Tetzlaff, S. K.; Reyhan, E.; Bengtson, C. P.; Schroers, J.; Wagner, J.; Schubert, M. C.; Layer, N.; Puschhof, M. C.; Faymonville, A. J.; Drewa, N.; Pramatarov, R. L.; Wissmann, N.; Alhalabi, O.; Heuer, A.; Sivapalan, N.; Campos, J.; Boztepe, B.; Scheck, J. G.; Villa, G.; Schröter, M.; Sahm, F.; Forsberg-Nilsson, K.; Breckwoldt, M. O.; Acuna, C.; Suchorska, B.; Heiland, H. D.; Saez-Rodriguez, J.; Venkataramani, V.
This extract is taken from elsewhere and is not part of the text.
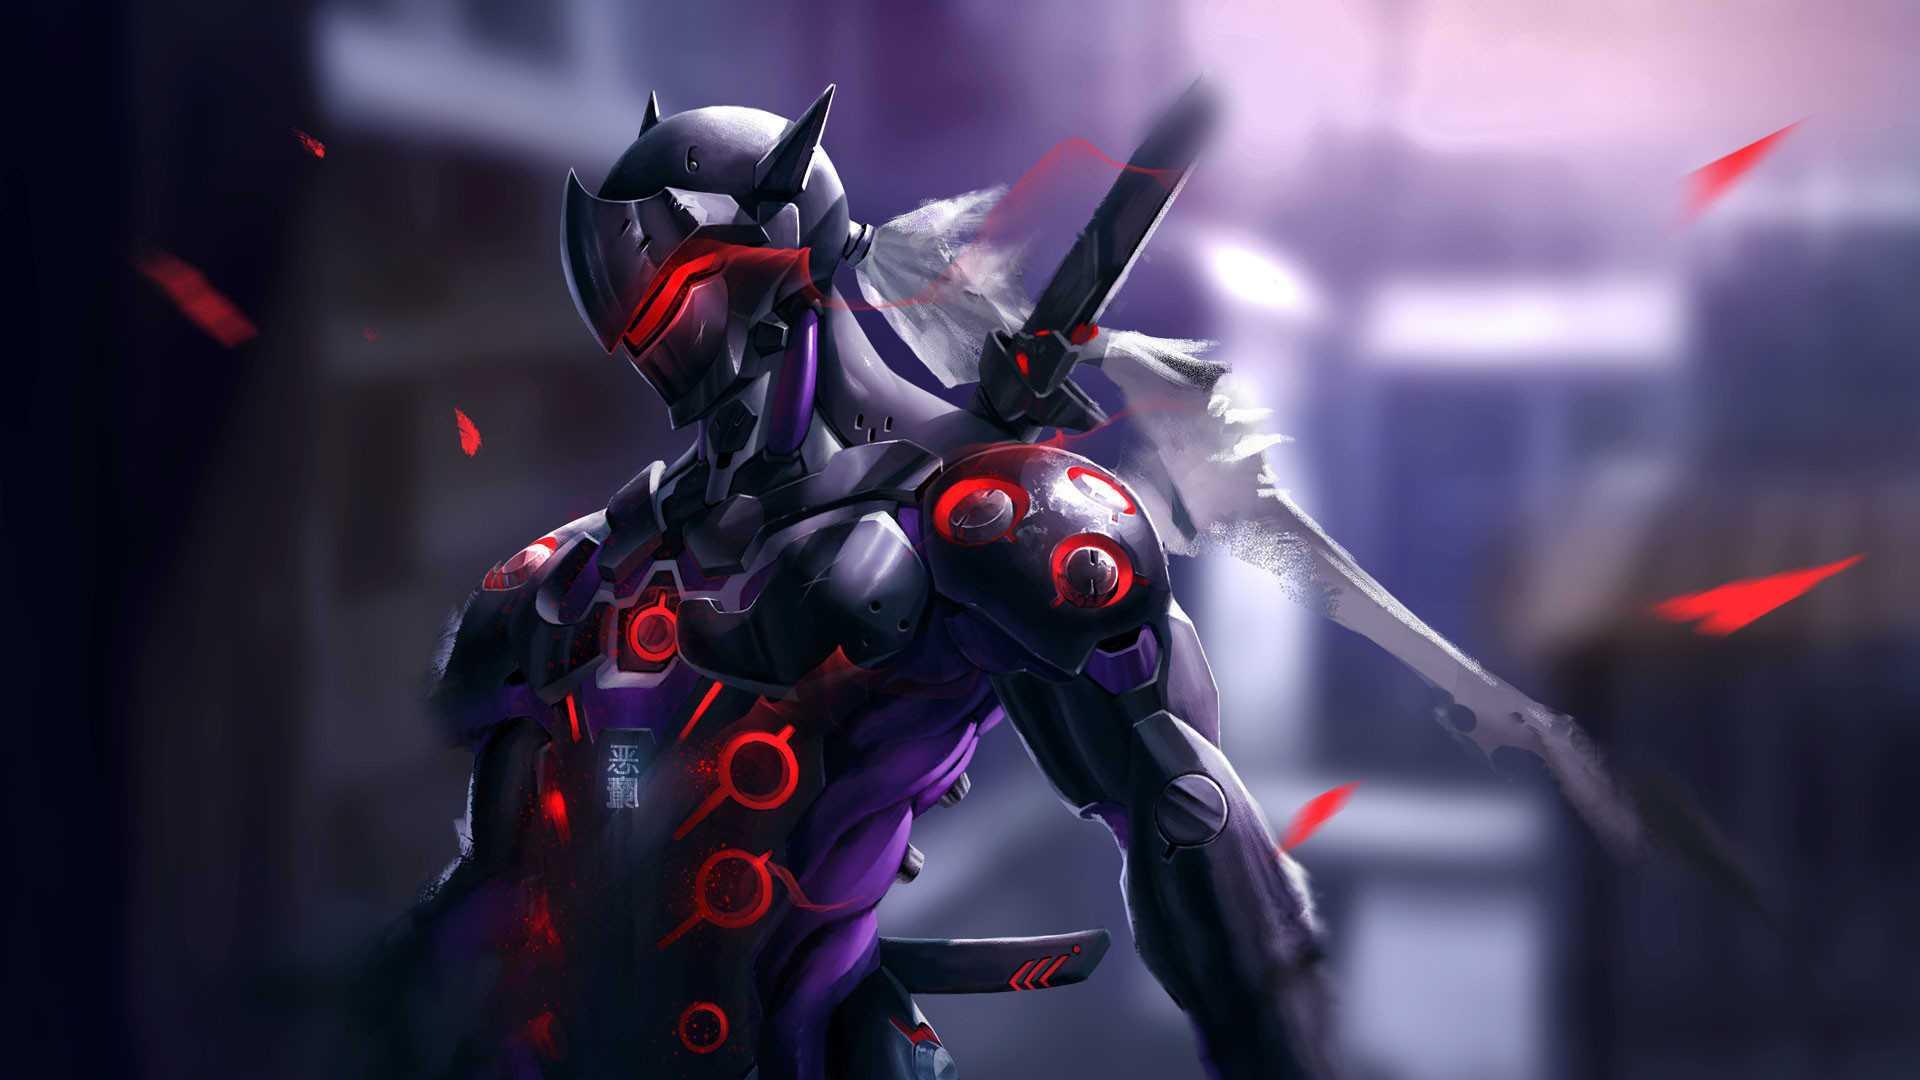 Best Overwatch Genji 4k Background
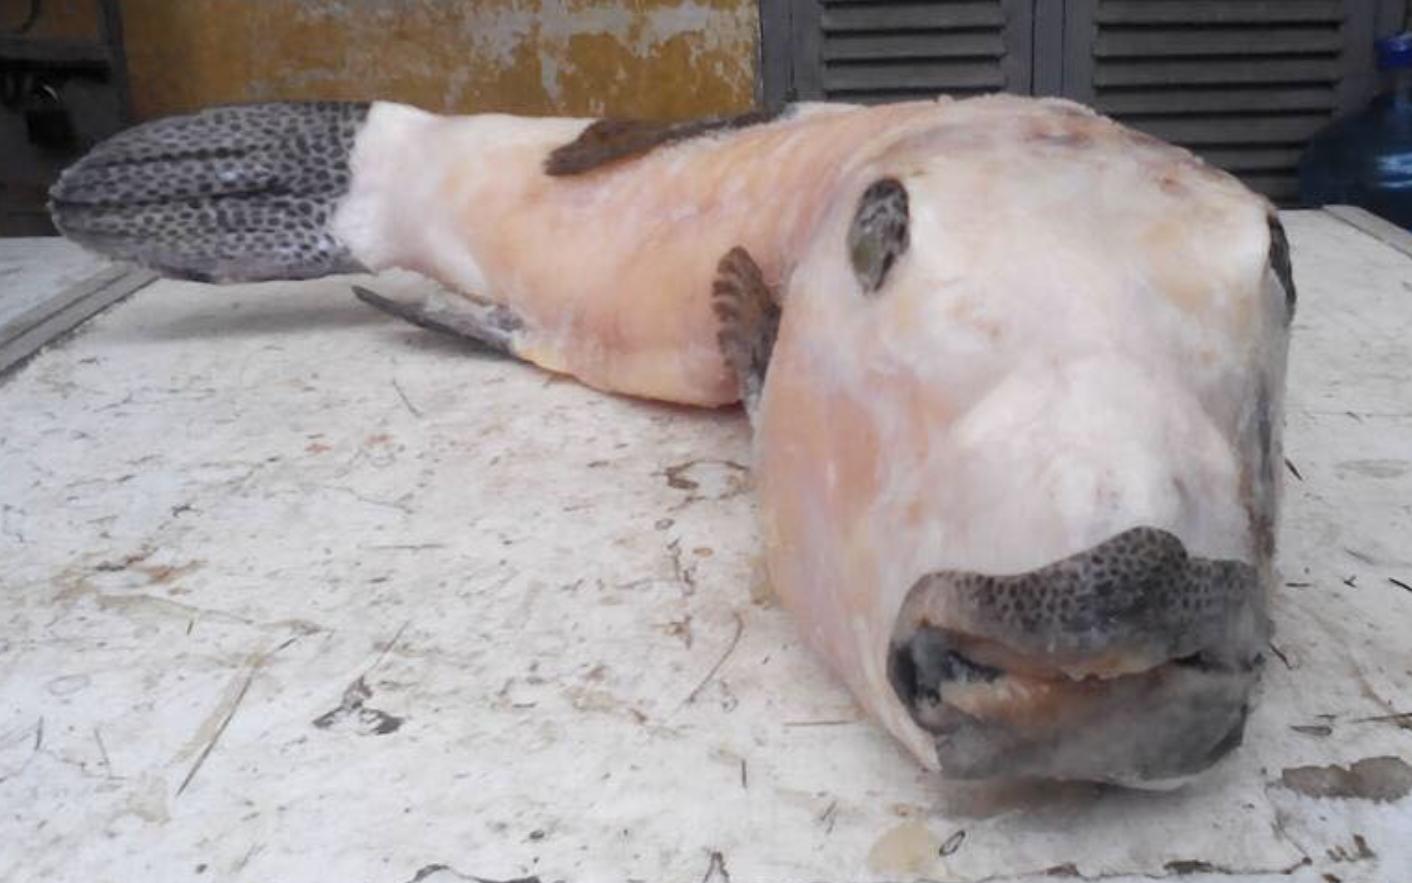 TP.HCM: Ăn bao tử cá mặt thỏ, người đàn ông 40 tuổi hôn mê nguy kịch

Glioblastomas are heterogeneous brain tumors, notorious for their invasive behavior and resistance to therapy. Neuron-to-glioma synapses have been identified to promote glioblastoma invasion and proliferation. However, a comprehensive characterization of tumor-connected neurons has been hampered by a lack of technologies. Here, we adapted retrograde tracing with a modified rabies virus system to characterize and manipulate connected neuron-tumor networks. Glioblastoma rapidly integrated into neural circuits across the brain engaging in widespread functional communication, with acetylcholinergic and glutamatergic neurons driving glioblastoma progression. We uncovered patient-specific and tumor cell state-dependent differences in synaptogenic gene expression driving neuron-tumor connectivity and subsequent invasivity. Importantly, radiotherapy enhanced neuron-tumor connectivity by increased neuronal activity. In turn, simultaneous inhibition of AMPA receptors and radiotherapy showed increased therapeutic effects, indicative of a role for neuron-to-glioma synapses in contributing to therapeutic resistance. Lastly, rabies-mediated genetic ablation of tumor-connected neurons halted glioblastoma progression, offering a novel viral strategy to target glioblastoma. Together, this study provides a comprehensive framework for basic research and clinical translation of synaptic neuron-cancer interactions to target glioblastoma.